Exercise aim – In the entries below, the lines from the one with "White Background With" through the one with "Air Compressor 90mm" are to be copied exactly; both ends count.

Data –
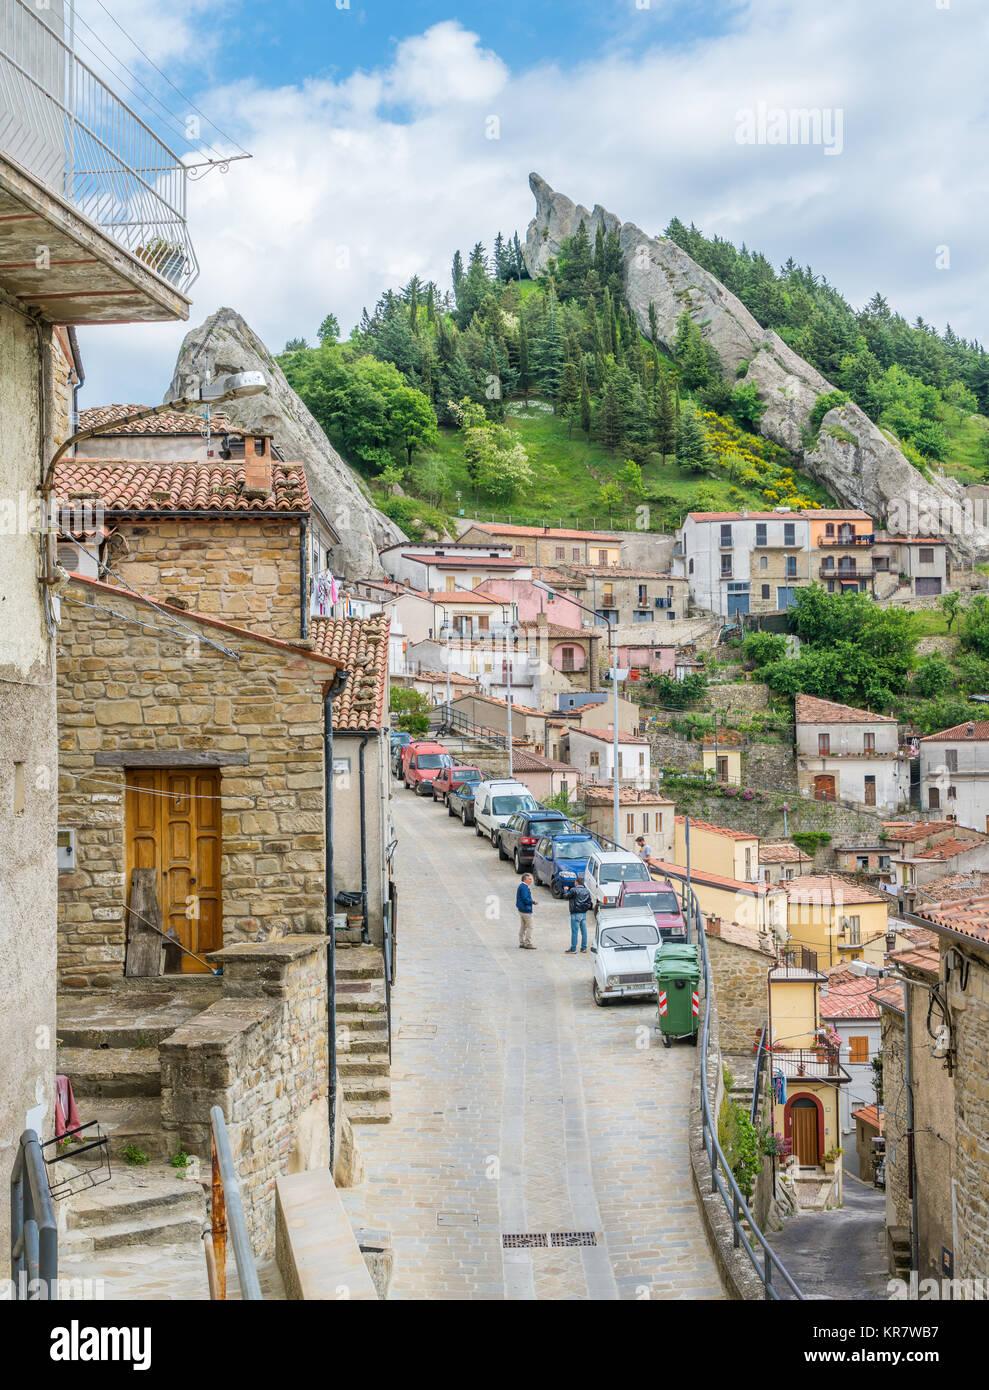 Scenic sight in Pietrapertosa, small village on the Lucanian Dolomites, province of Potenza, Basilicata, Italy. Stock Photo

* * *

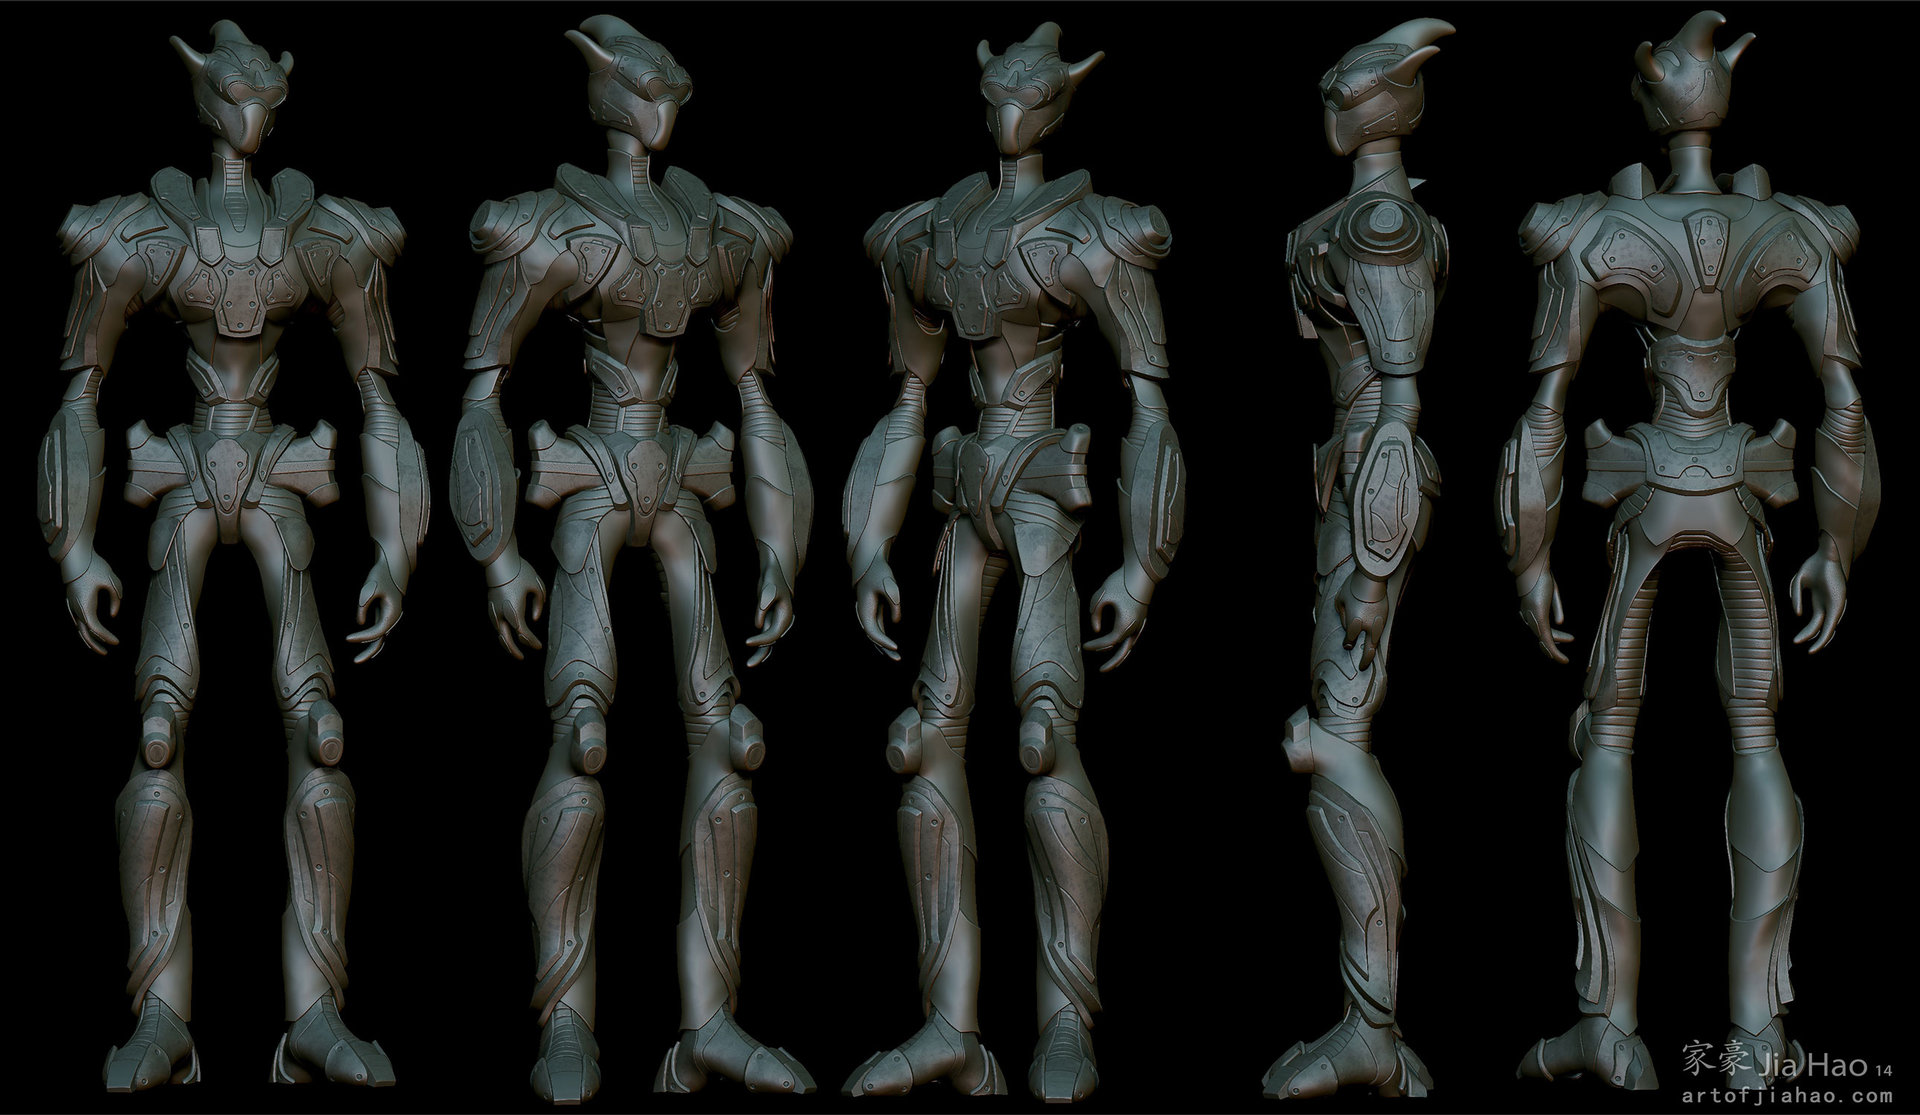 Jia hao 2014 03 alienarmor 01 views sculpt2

==

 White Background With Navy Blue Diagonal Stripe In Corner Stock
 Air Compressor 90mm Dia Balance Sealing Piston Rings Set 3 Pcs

Solution for this problem –
 White Background With Navy Blue Diagonal Stripe In Corner Stock
 Air Compressor 90mm Dia Balance Sealing Piston Rings Set 3 Pcs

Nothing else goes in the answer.